Suppose that the operator << is to be overloaded for a user-defined class mystery. Why must << be overloaded as a friend function?

Last edited on

eklavya sharma 2 (170)

It is not necessary. It is usually done because this function often accesses the private and protected members of the object it displays.

Rehan FASTian (168)

It's necessary. A friend function is the only way of implementing an
overloaded operator<< or operator>> function.

Last edited on

vlad from moscow (6539)

It is not necessary that operator << shall be defined as a friend function. It can be a member of a class or usual function. For example

#include <iostream>

int main()
{
	class Int
	{
	public:
		Int( int x = 0 ) : i( x ) {}
		const Int operator <<( size_t n ) const
		{
			return ( Int( i << n ) );
		}
		std::ostream & out( std::ostream &os ) const
		{
			return ( os << i );
		}
	private:
		int i;
	} i1( 1 );

	std::cout << "i1 << 1 = "; i1.operator <<( 1 ).out( std::cout ) << std::endl;

	return 0;
}

Last edited on

vlad from moscow (6539)

I will even rewrite my example that it would be more clear.:)

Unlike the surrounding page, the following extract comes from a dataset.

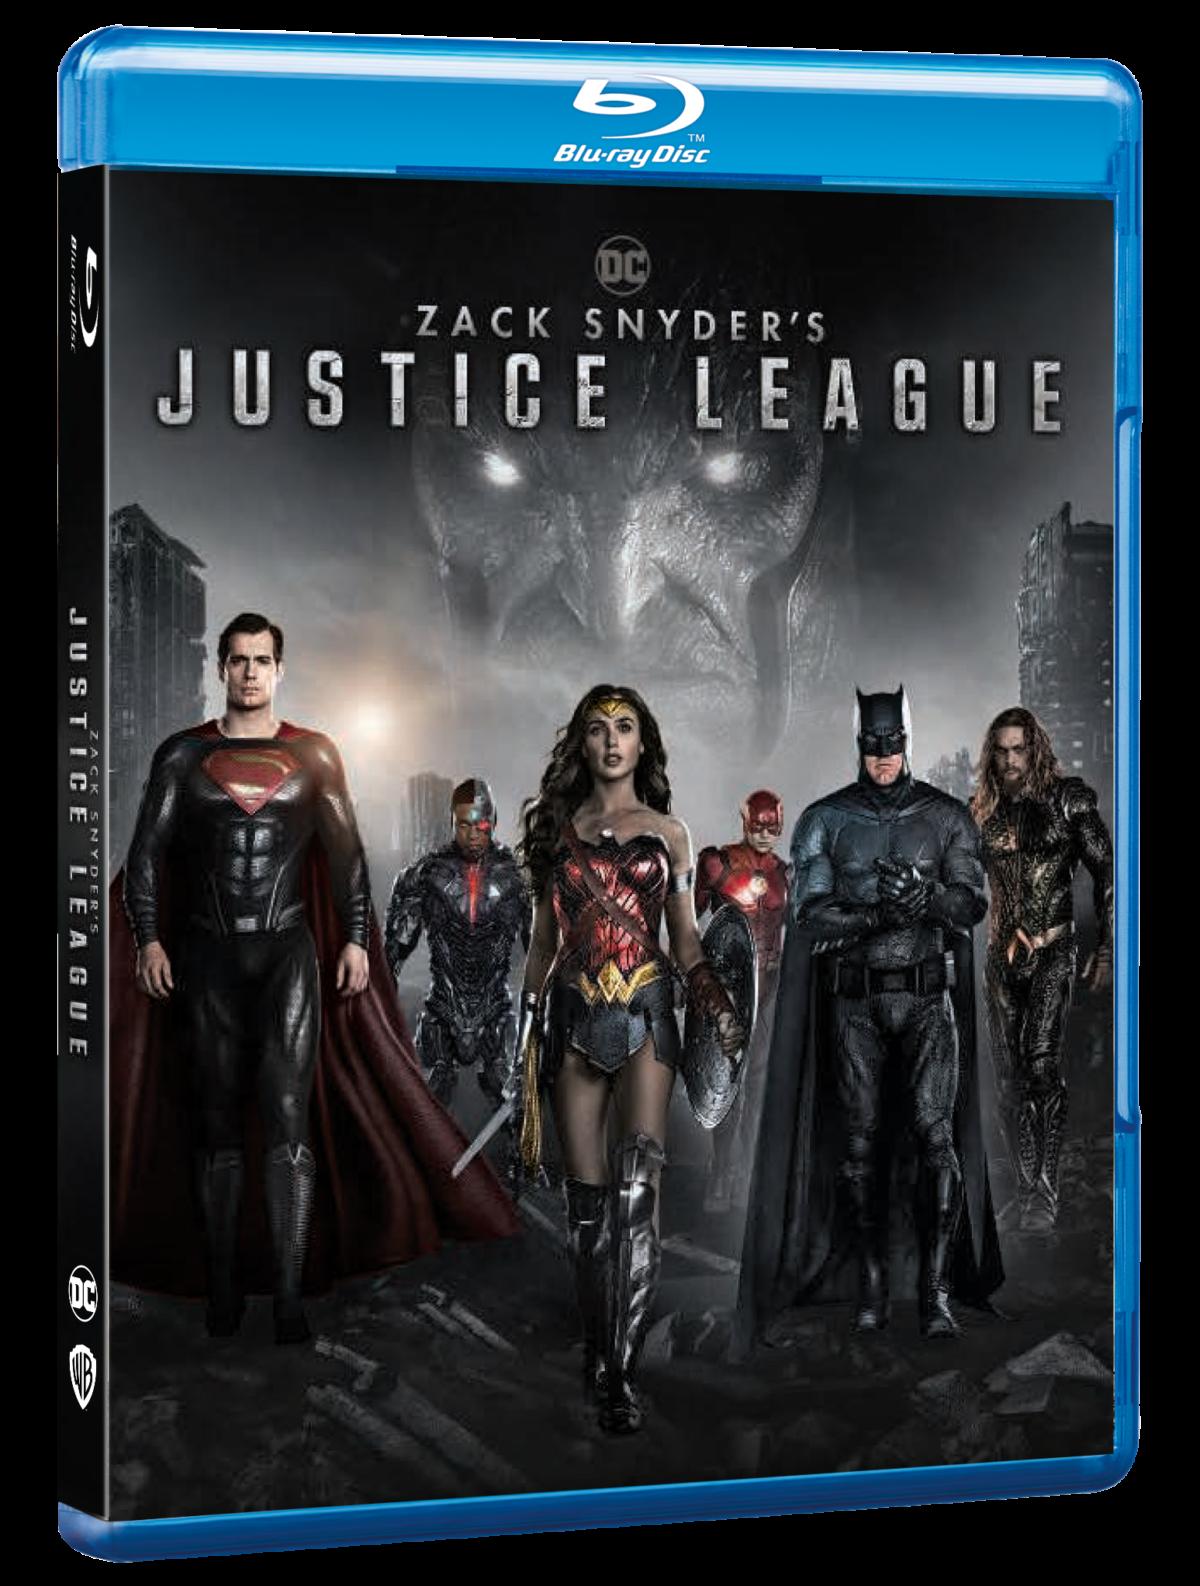 BD_Zack_Snyder_Justice_League

Here there are two overloaded operator <<. One of them is a member of the class and other is a usual (non-friend) function.:)

#include <iostream>

class Int
{
public:
	Int( int x = 0 ) : i( x ) {}
	const Int operator <<( size_t n ) const
	{
		return ( Int( i << n ) );
	}
	std::ostream & out( std::ostream &os ) const
	{
		return ( os << i );
	}
private:
	int i;
};

std::ostream & operator <<( std::ostream &os, const Int &x )
{
	return ( x.out( os ) );
}
   
int main()
{
	Int i1( 1 );
	std::cout << "i1 << 1 = " << ( i1 << 1 ) << std::endl;

	return 0;
}

Moreover such an operator can be defined as a static member function of a class.

Last edited on

Rehan FASTian (168)

I'm really thankful to you. You've given me a new concept. I'll clarify everything about this new concept from my teacher.

Actually my concept is:

In order for a function (operator or otherwise) to be a member function, it must have a
first parameter of the class type. The << and >> operators require that the left (first)
parameter be the stream (file) and the right (second) parameter be the class object.
Therefore it is not possible for the operator<< or operator>> functions to have a first
parameter of the class type. A friend function is the only way of implementing an
overloaded operator<< or operator>> function.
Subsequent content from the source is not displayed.